* EXERCISE AIM: Repeat exactly the lines that run from the start of the records below to the line with "Serre-tête avec nœud", including both of those lines but not the pictures.

* DATA IN THIS EXERCISE:
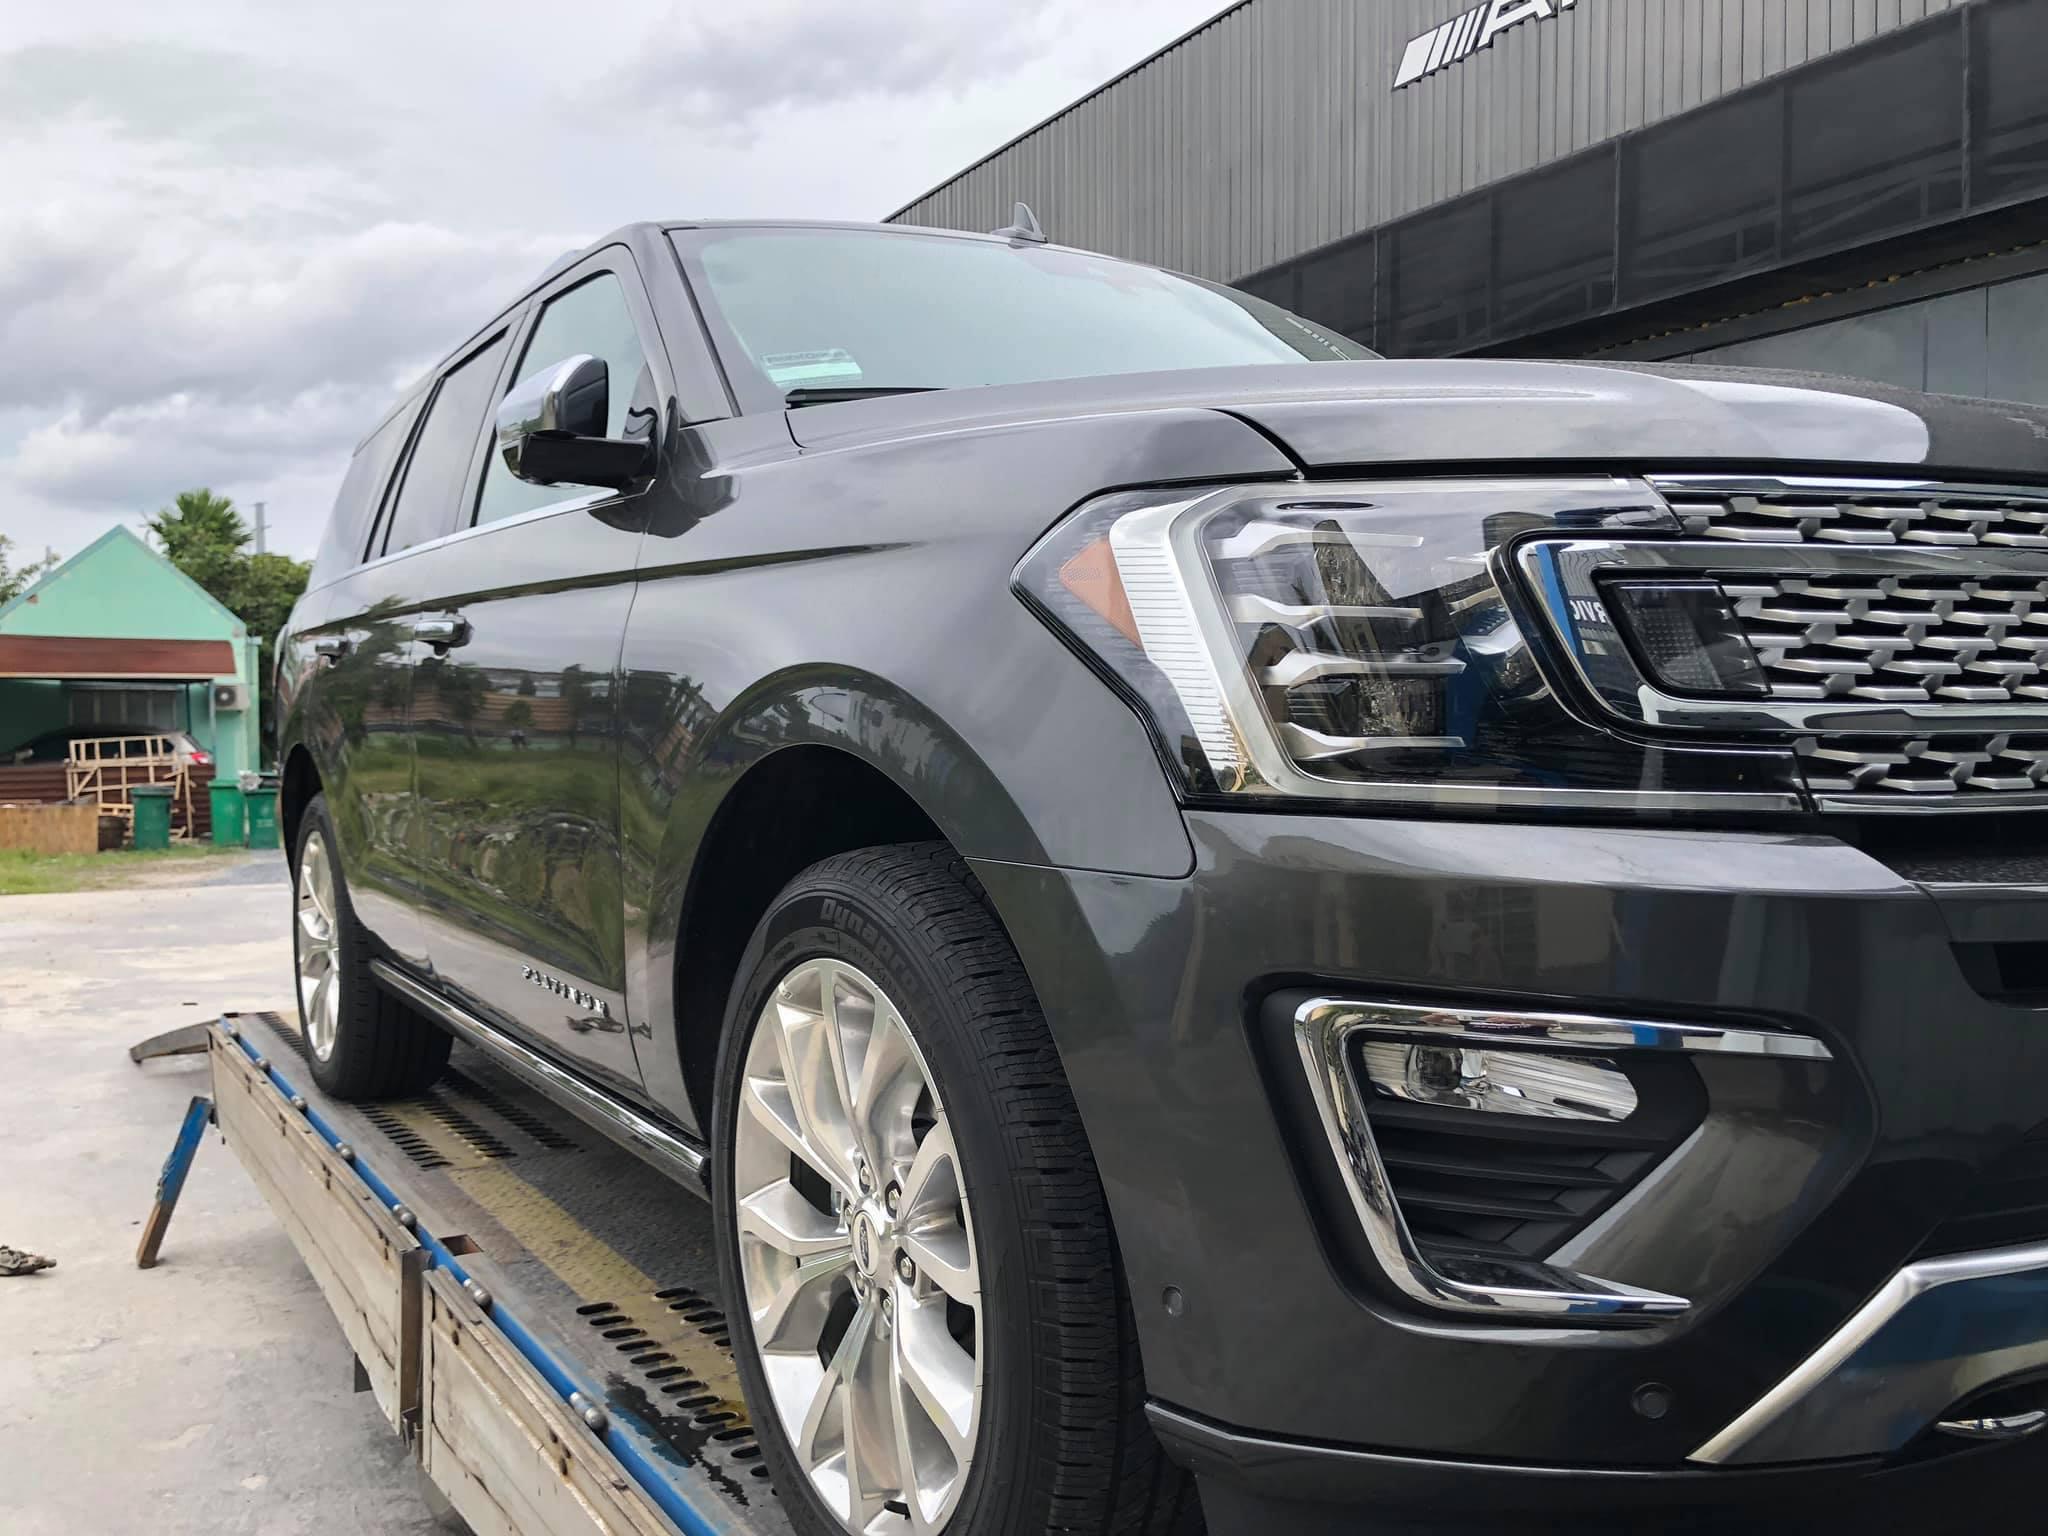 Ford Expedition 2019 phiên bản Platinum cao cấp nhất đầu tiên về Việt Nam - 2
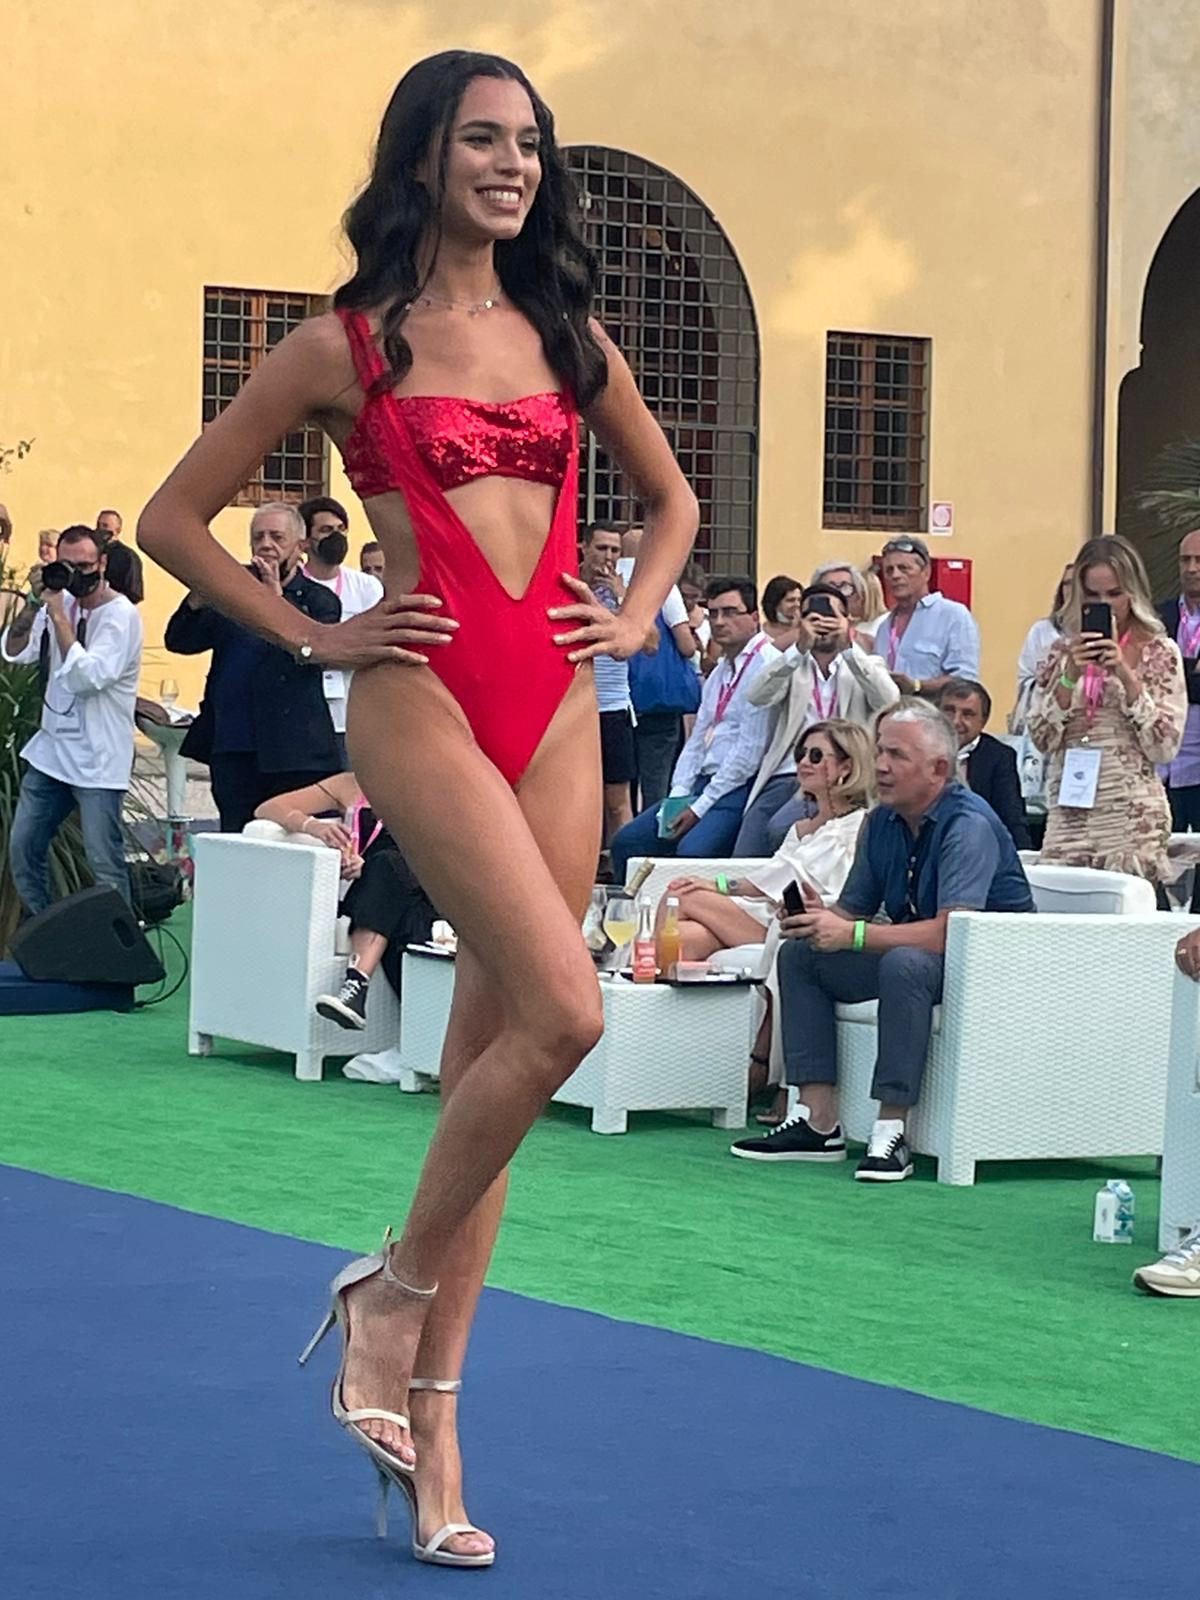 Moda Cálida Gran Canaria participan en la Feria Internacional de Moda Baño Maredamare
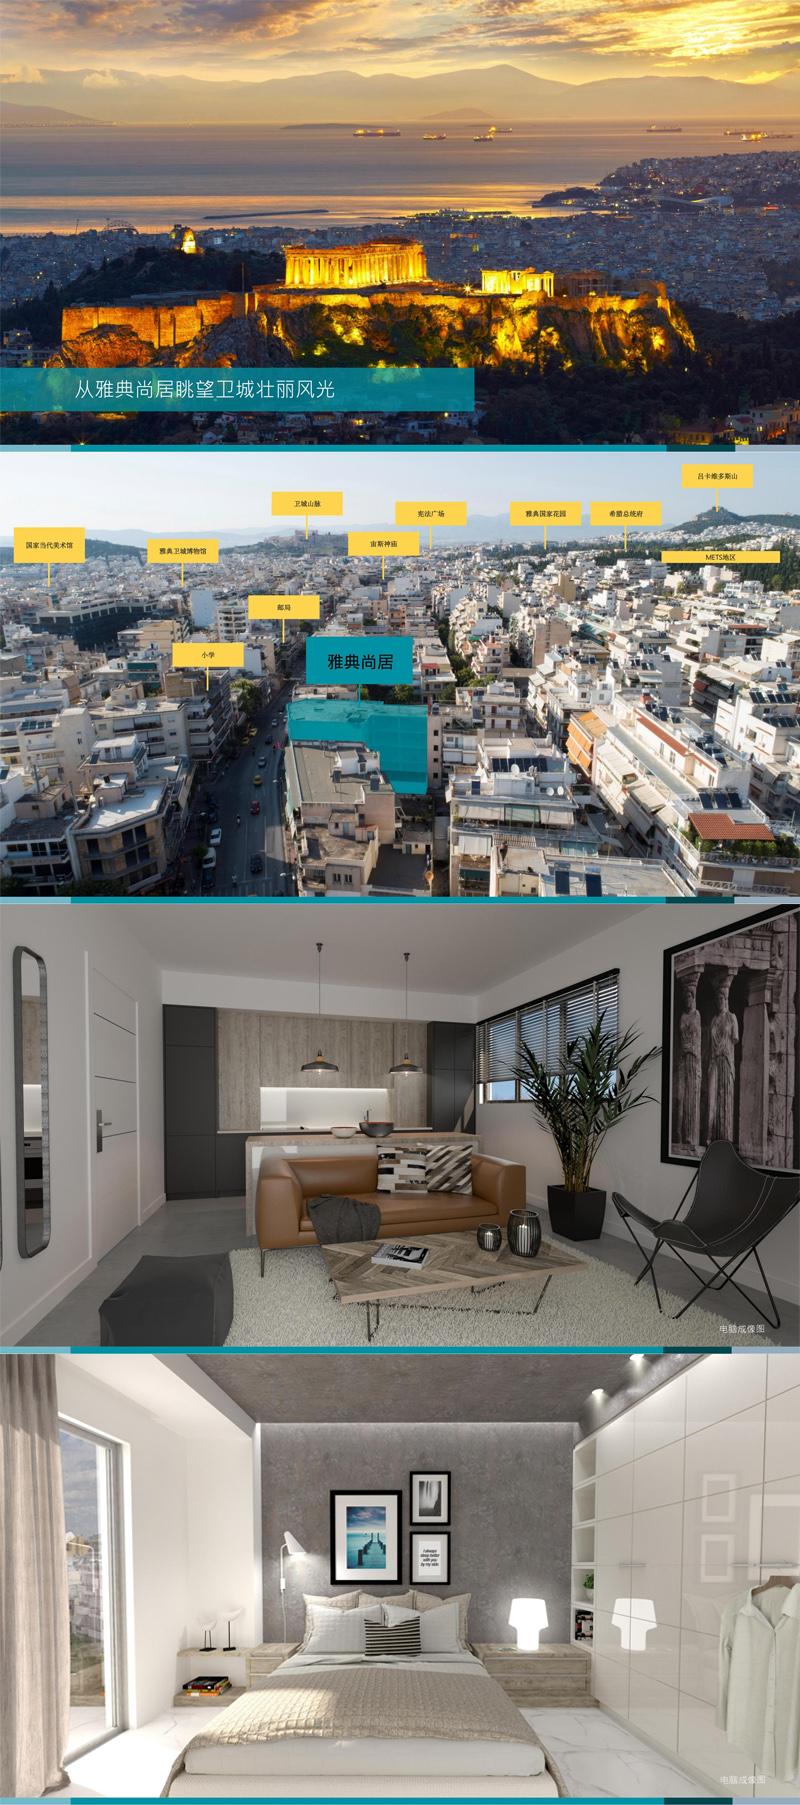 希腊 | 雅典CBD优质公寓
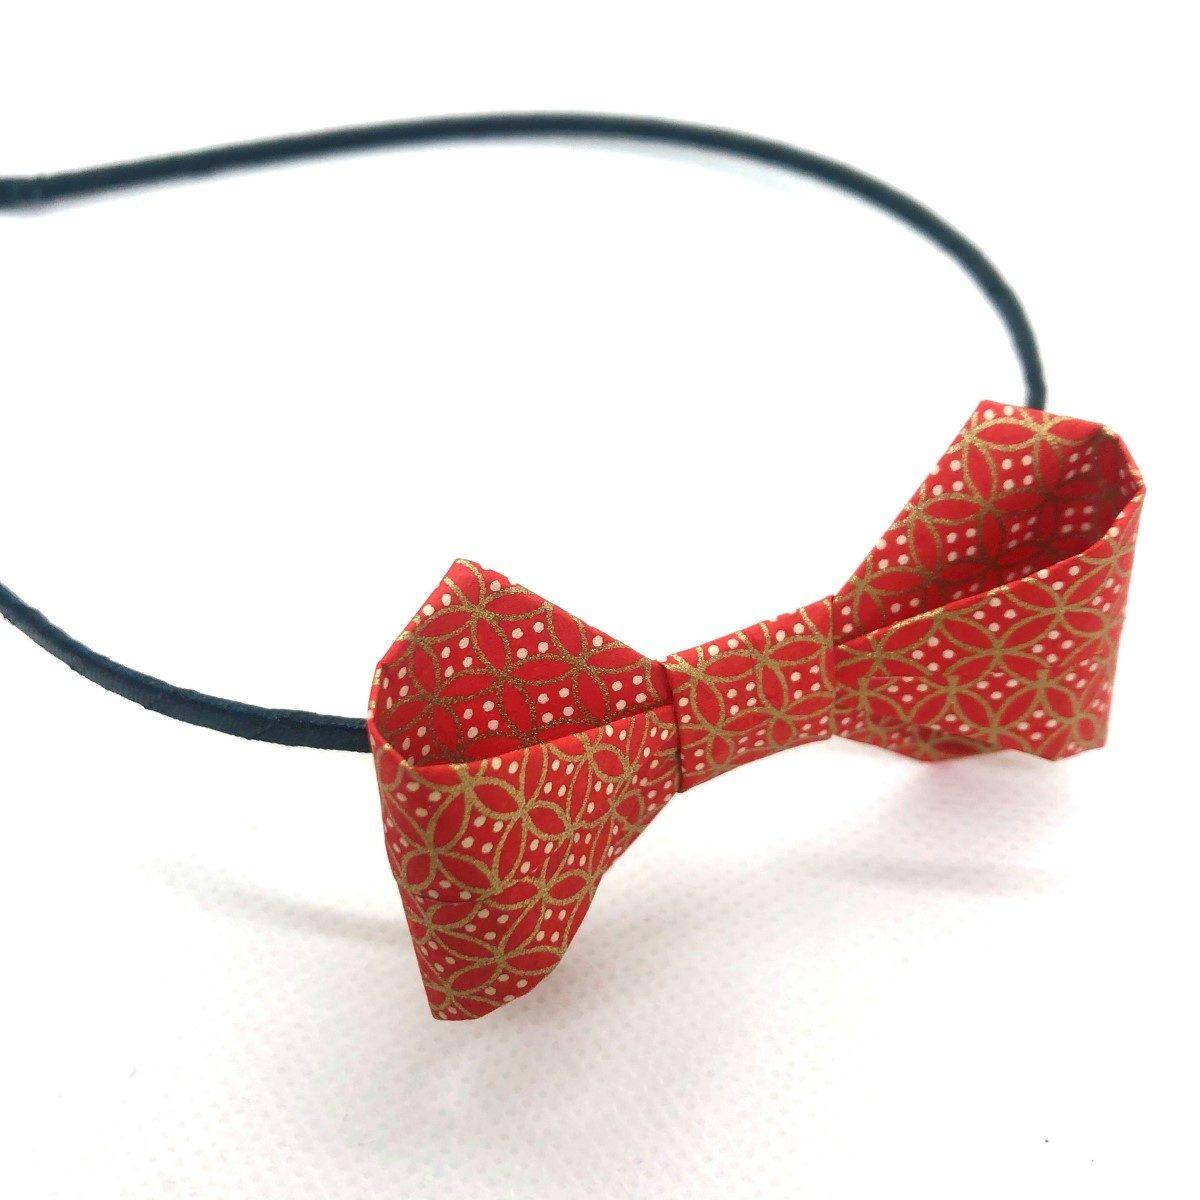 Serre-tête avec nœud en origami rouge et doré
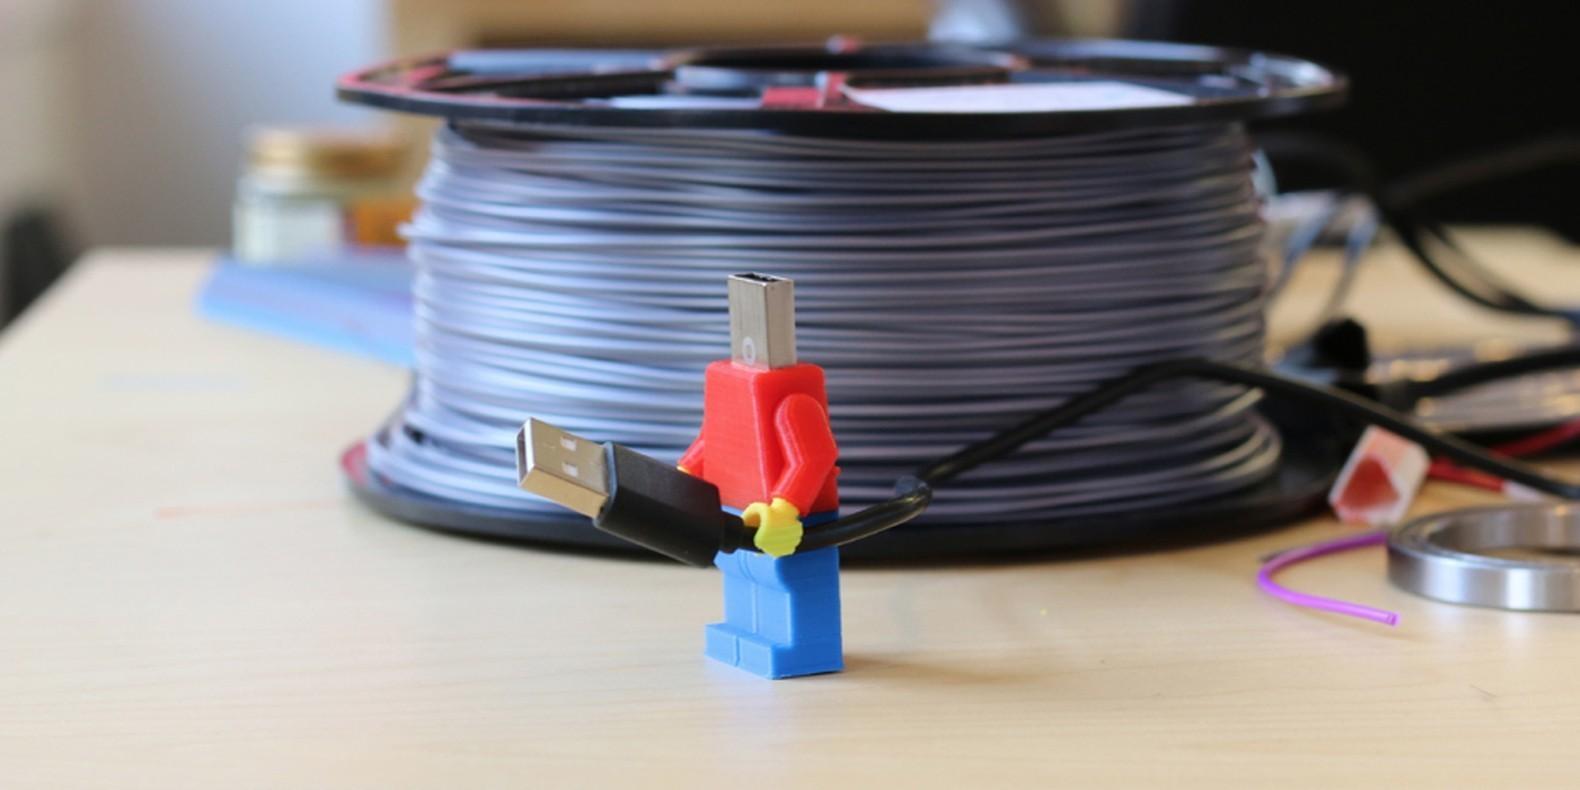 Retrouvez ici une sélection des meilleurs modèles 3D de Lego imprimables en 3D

* ANSWER SPACE:
 Ford Expedition 2019 phiên bản Platinum cao cấp nhất đầu tiên về Việt Nam - 2
 Moda Cálida Gran Canaria participan en la Feria Internacional de Moda Baño Maredamare
 希腊 | 雅典CBD优质公寓
 Serre-tête avec nœud en origami rouge et doré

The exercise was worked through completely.